A reunião entre o senador Cleitinho Azevedo e o presidente nacional do Republicanos, Marcos Pereira, para decidir sobre uma eventual candidatura do parlamentar ao governo de Minas Gerais terminou sem definição. O encontro ocorreu nessa quinta-feira (30). A assessoria de comunicação de Cleitinho afirmou que uma nova rodada de debates foi agendada para este sábado (1°).
Luís Eduardo Falcão, ex-presidente da Associação Mineira de Municípios (AMM) e nome desejado por Cleitinho para concorrer a vice-governador, confirmou à reportagem que ainda não houve desfecho para o impasse. Ele também participou da conversa com Pereira. De acordo com a equipe do congressista, o encontro durou cerca de cinco horas.
Na quarta-feira (29), o cacique nacional do Republicanos e o presidente do diretório mineiro do partido, o deputado federal Euclydes Pettersen, emitiram nota afirmando que Cleitinho não seria candidato ao Executivo estadual. No texto, eles criticam a demora do parlamentar em bater o martelo sobre o tema.
Segundo a nota, o Republicanos sempre esteve pronto para apoiar um eventual projeto encabeçado pelo senador, ao passo que a candidatura “nunca foi assumida por quem deveria liderá-la”.
Horas depois, Cleitinho convocou uma coletiva em Divinópolis, no Centro-Oeste do estado, e falou abertamente pela primeira vez sobre a intenção de concorrer. Ele afirmou que tentaria convencer Pereira a mudar de ideia.
“Vamos tentar conversar com ele de todo jeito amanhã (ontem) para tocar o coração dele”, projetou.
Cleitinho e Falcão foram ao interior de São Paulo a fim de dialogar com Pereira. Antes da divulgação da nota, o presidente nacional disse ao jornal O Globo que considerava que o correligionário havia perdido o timing para disputar o governo estadual. O senador aproveitou a entrevista para discordar da avaliação.

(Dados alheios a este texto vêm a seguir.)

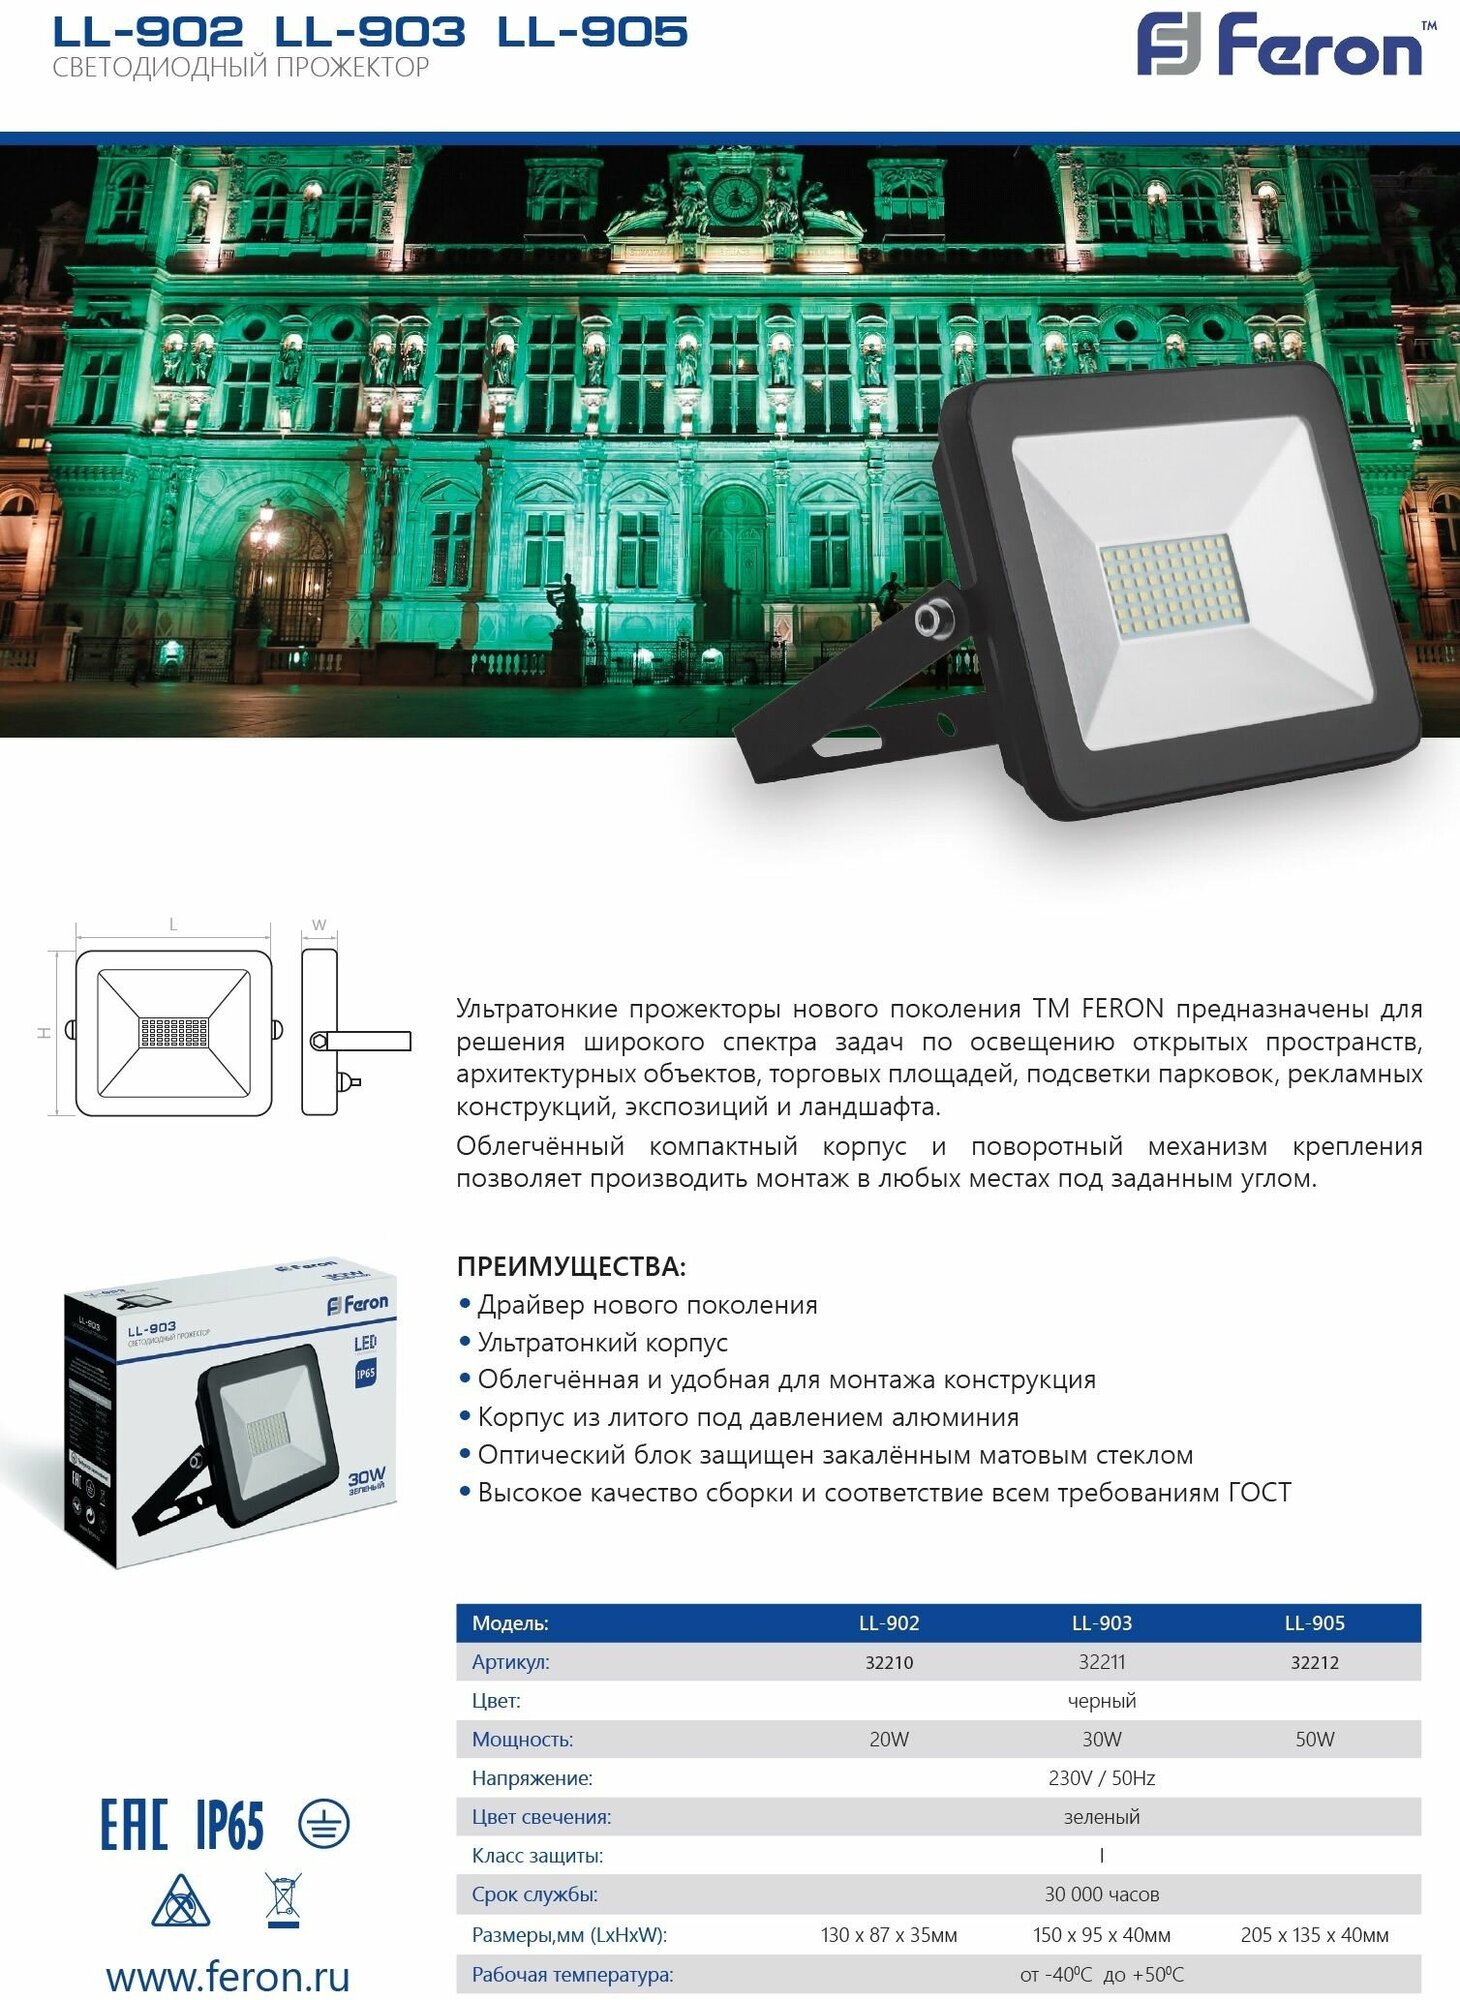 Светодиодный прожектор FERON LL-903 2835 SMD 30W зеленый AC220V/50Hz IP65, черный в компактном корпусе, 153*110*35 мм 32211

“Não é só eu que quero ser candidato. Quase 50% da população quer que eu venha candidato. As pesquisas mostram isso”, disse.
Aro no páreo
Para um cenário sem Cleitinho, o Republicanos passou a mirar uma aliança com o ex-secretário de Estado de Governo de Minas, Marcelo Aro, do PP, em uma aliança que incluiria também o União Brasil e o PL.
Nessa quinta-feira, Aro comunicou ao governador Mateus Simões (PSD), que concorrerá à reeleição, o desembarque de seu grupo dos cargos que ocupavam no Palácio Tiradentes. Ex-chefe das pastas de Governo e Casa Civil, Aro concorreria ao Senado Federal na chapa de Simões, mas demonstrou contrariedade com a possibilidade de dividir palanque com o senador pessedista Carlos Viana, com quem possui dissonâncias, e passou a ser estimulado por aliados a estruturar uma campanha ao governo.